Data provided
----
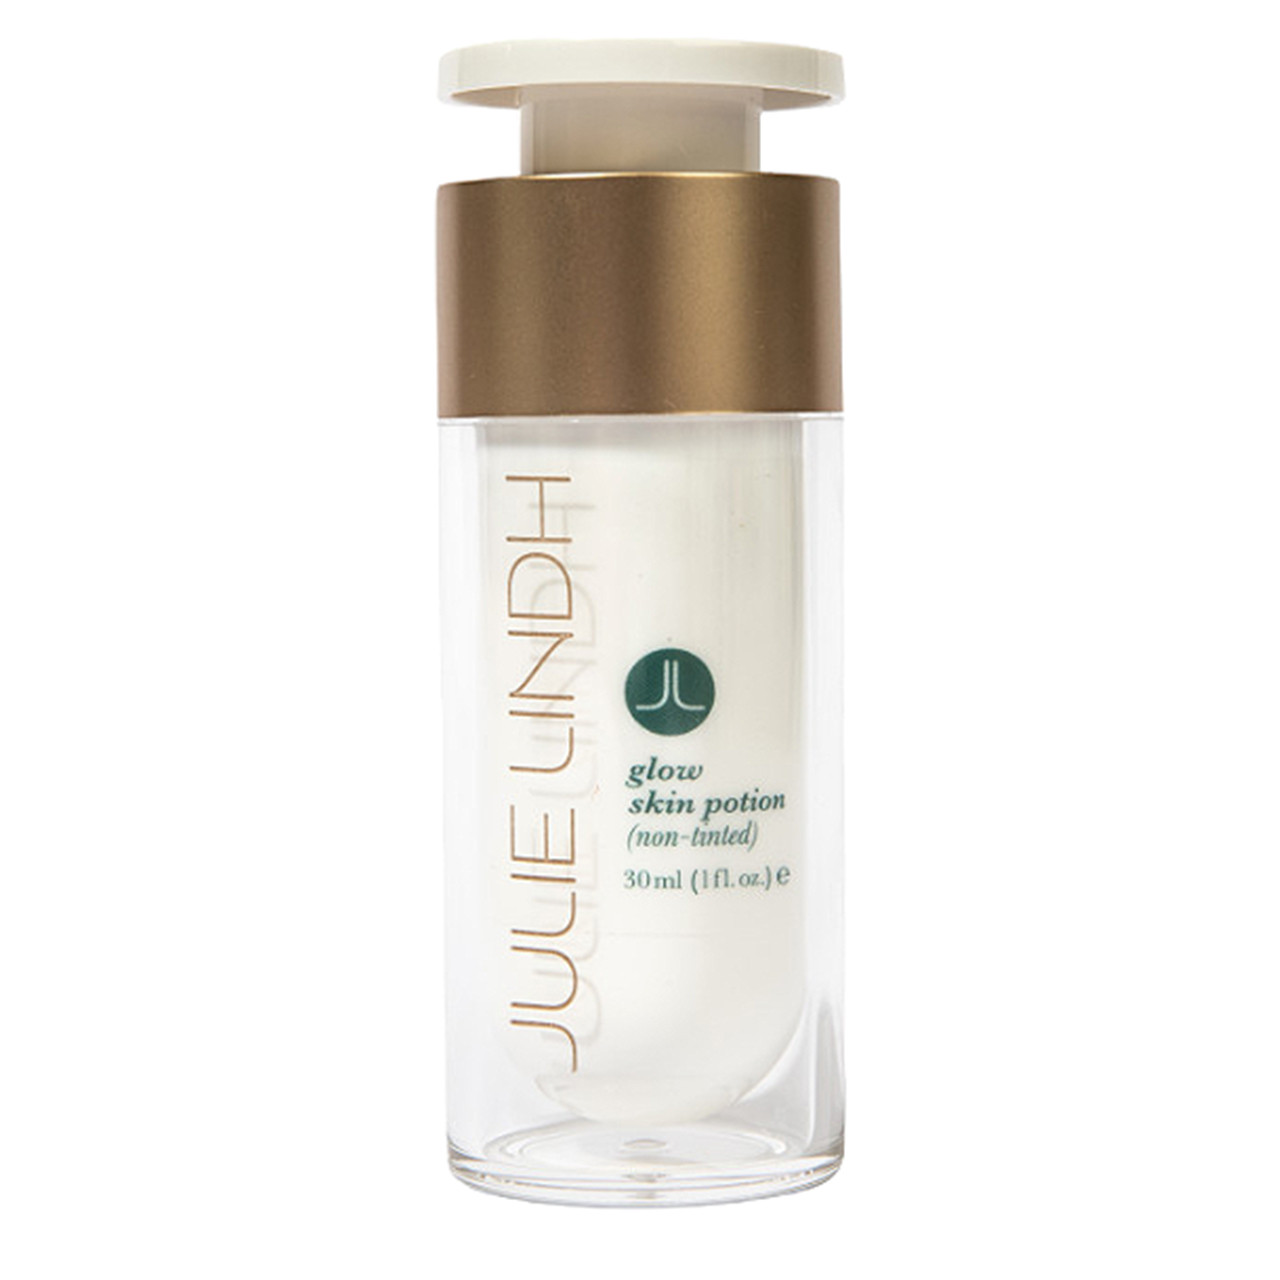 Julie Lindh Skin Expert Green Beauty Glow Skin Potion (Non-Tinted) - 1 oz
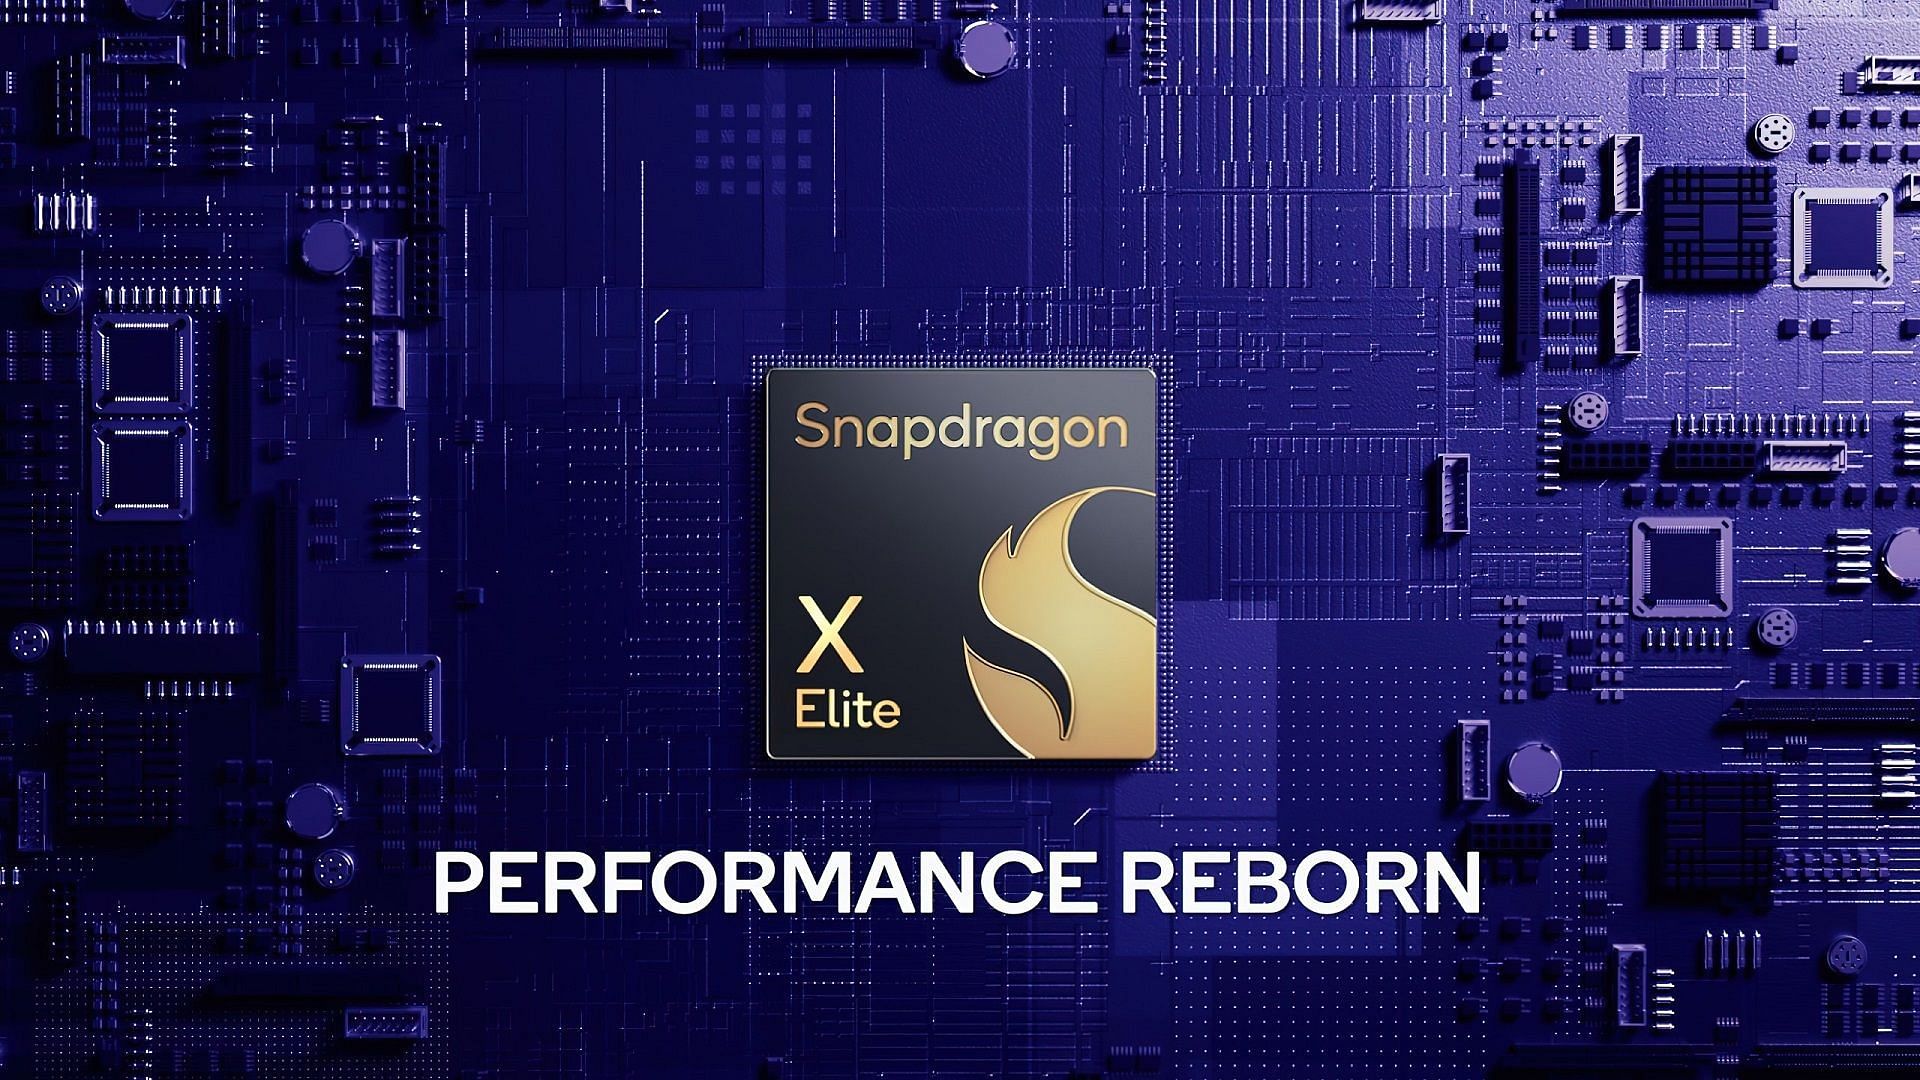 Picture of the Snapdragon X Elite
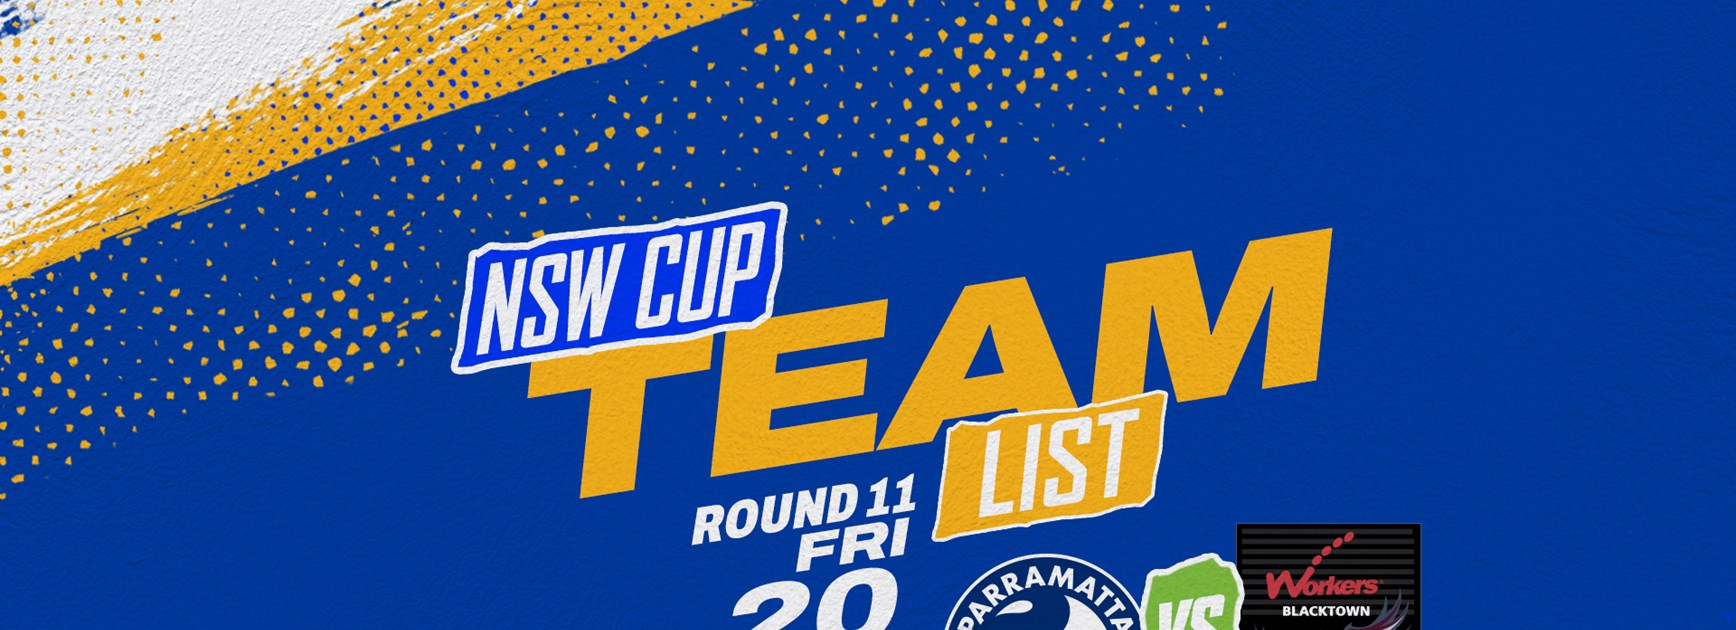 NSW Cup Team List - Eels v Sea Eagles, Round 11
----
Print every line of the listing exactly, please, and leave the images out.

Response box
 Julie Lindh Skin Expert Green Beauty Glow Skin Potion (Non-Tinted) - 1 oz
 Picture of the Snapdragon X Elite
 NSW Cup Team List - Eels v Sea Eagles, Round 11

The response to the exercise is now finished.